« Delenda Carthago » déclamait Caton. « Il faut détruire Téhéran » chuchotent des idéologues proches de Bush. Ils ne sont pas nombreux mais ils sont influents. Bien qu’appartenant, pour la plupart au Parti Républicain, peu leur importe que le prochain président soit Républicain ou Démocrate. Leur ambition est de créer une situation irréversible.

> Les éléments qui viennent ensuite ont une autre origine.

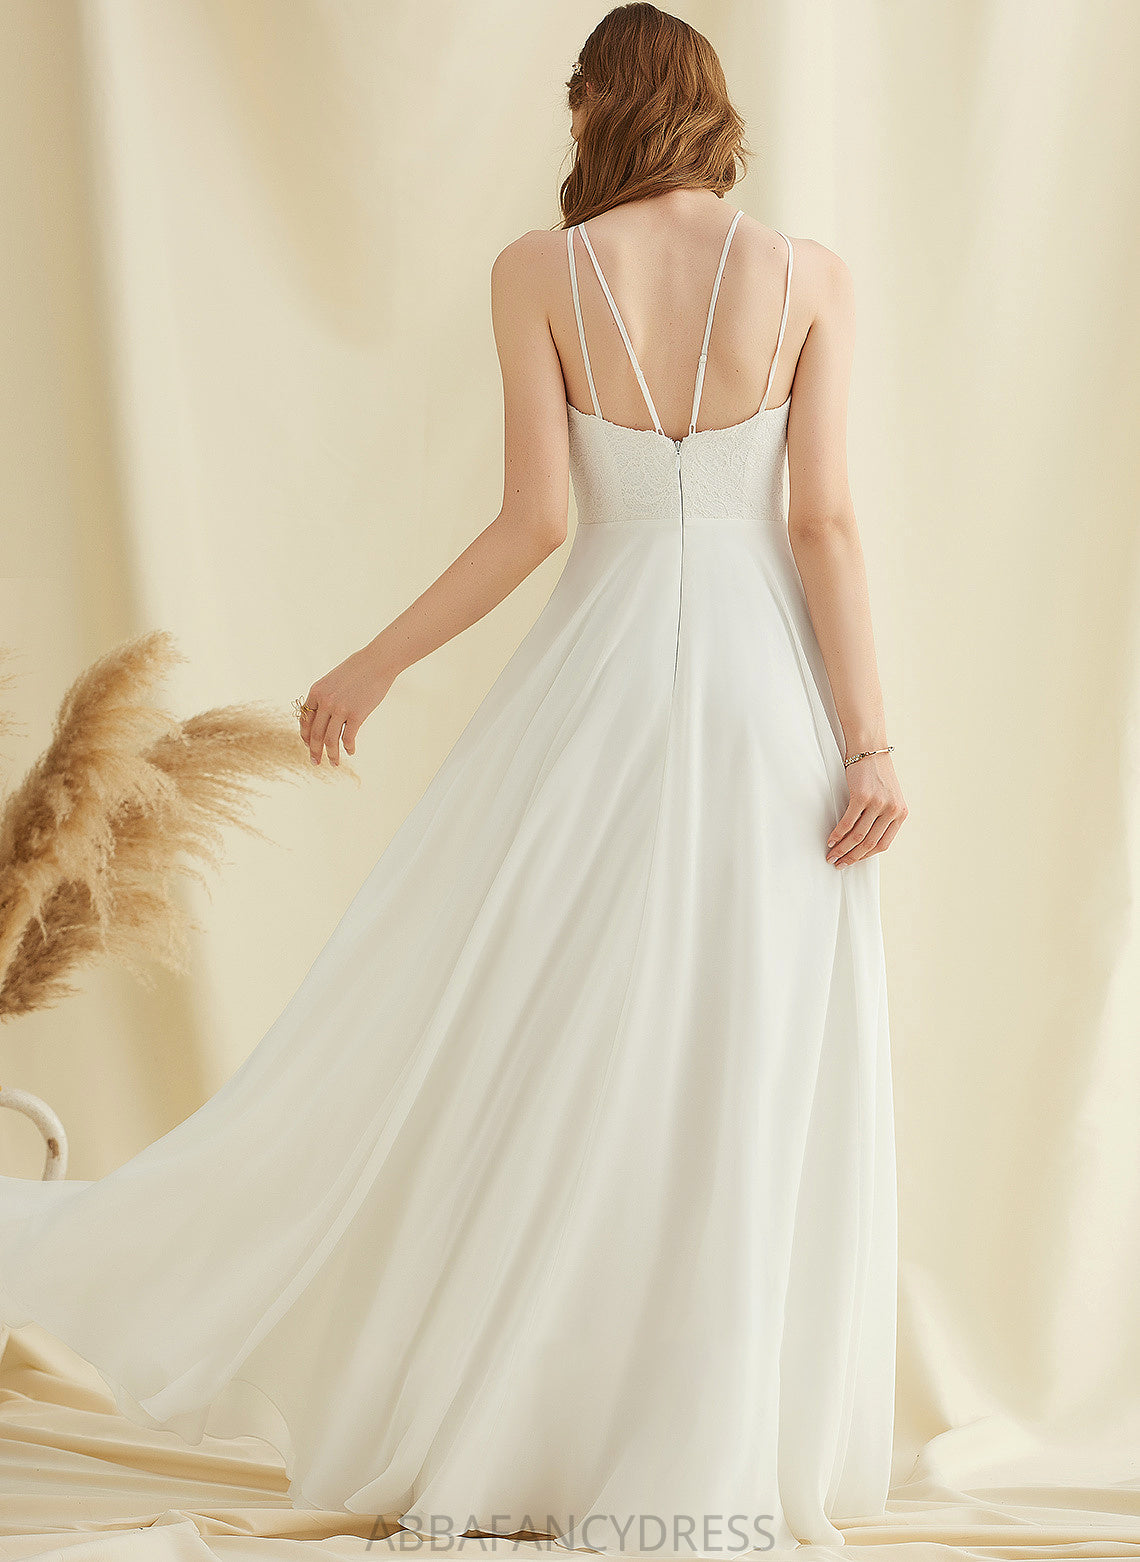 Dress Wedding Pockets Chiffon Floor-Length Sharon Lace A-Line Neck Wedding Dresses Scoop With

Lorsqu’ils ont plaidé pour la guerre en Irak, ces « neo cons » pensaient, sans doute sincèrement, que l’instauration d’une démocratie libérale et capitaliste ferait le bonheur des Irakiens. Ils ont dû constater que la greffe ne prenait pas et, faute de mieux, la disparition de l’Irak en tant que puissance régionale leur apparaît comme un « second best ».
C’est en ces termes que, pour eux, se pose le problème de l’Iran. Le chaos aux alentours fait de ce pays la première puissance régionale. Il n’est pas question de l’envahir pour tenter d’y établir une démocratie à l’occidentale. La tentation de le détruire est donc forte. Attaquer les sites nucléaires servirait de prétexte à des frappes massives qui feraient revenir le pays des siècles en arrière.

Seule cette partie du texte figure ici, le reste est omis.